Pin 4 auf dem Board würde "Frei" stehen bleiben, wenn ich den 3pin Anschluss der Pumpe einfach so 'rauf stecke.

vielen dank


----------



## meik19081999 (10. Dezember 2014)

pixelquake schrieb:


> so anbei mal ein foto
> 
> Pin 4 auf dem Board würde "Frei" stehen bleiben, wenn ich den 3pin Anschluss der Pumpe einfach so 'rauf stecke.
> 
> vielen dank


Genau, pin 4 bleibt frei. 

Kannst du so anstecke 

Gruß


----------



## pixelquake (10. Dezember 2014)

ok super - dann läuft das ding immer auf 100% ? richtig ?

danke nochmal

cooles forum.


----------



## meik19081999 (10. Dezember 2014)

pixelquake schrieb:


> ok super - dann läuft das ding immer auf 100% ? richtig ?
> 
> danke nochmal
> 
> cooles forum.


sollte es normalerweise, solang dein board keine spannungsregulierung von den 3pin lüfteranschlüssen bietet.

kein Problem


----------



## der-andyman (11. Dezember 2014)

Schafft das Mainboard den überhaupt eine Pumpe an dem Anschluss? Nicht, dass nachher was durchtrennt...


----------



## Stefan_CASEMODDING (15. Dezember 2014)

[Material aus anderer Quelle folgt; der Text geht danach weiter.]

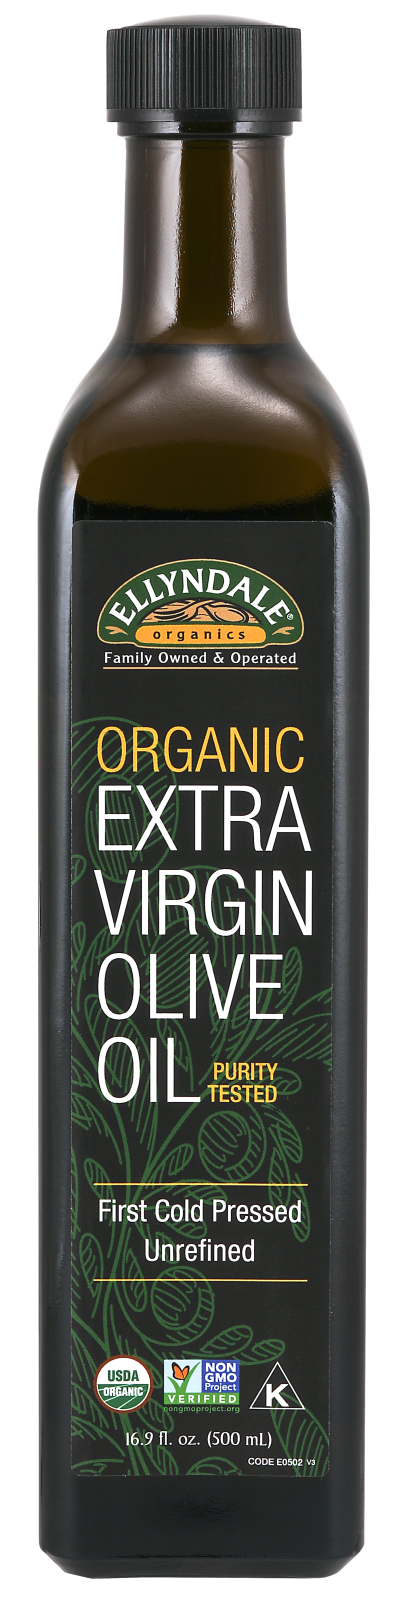 Extra Virgin Olive Oil 16.9 oz. Glass Bottle Front

das wäre egal... der Unterscheid zwischen 4 PIn und 3 Pin ist das Tachosignal ..........  schau im Handbuch oder Online nach bei deinem Board die Belegung 

lg


----------



## VJoe2max (15. Dezember 2014)

Nein, der Unterschied ist das PWM-Signal, das auf dem zusätzlichen Pin liegt. Der Tachoausgang ist genauso belegt wie bei einem 3-Pin-Anschluss.

Über das PWM-Signal wird das Tastverhältnis der Spannungsunterbrechung übertragen. 
PWM-Anschlüsse schaffen in der Regel realtiv hohe Leistungen, da Versorgungsspannung konstant ist und kein Spannungsregler zum Einsatz kommt. Es liegen ständig 12V an, wenn das angeschlossenen Gerät das PWM-Signal nicht verarbeiten kann, oder wenn dieses gar nicht angeschlossen ist. Regelbar wäre die Pumpe so also nicht. Man könnte sie daher auch genauso gut direkt an Netzteil hängen, ohne die Leiterbahnen des Boards unnötig zu belasten.


----------



## Eulenspiegel (16. Dezember 2014)

Es ist überhaupt kein Problem wenn ein Pinn frei bleibt der 4. Pin sorgt nur dafür das das Mainboard das angeschlossene Gerät drosseln kann und. außerdem ist es eigentlich auch nicht nötig im Handbuch nachzuschauen da der Stecker nur in einer Position auf die Pins passt da am Mainboard neben den Pins ein "Plastikteil" ist und normalerweise an dem Drei Pin Stecker das Gegenstück dazu.
Hoffe ich konnte dir Helfen.


----------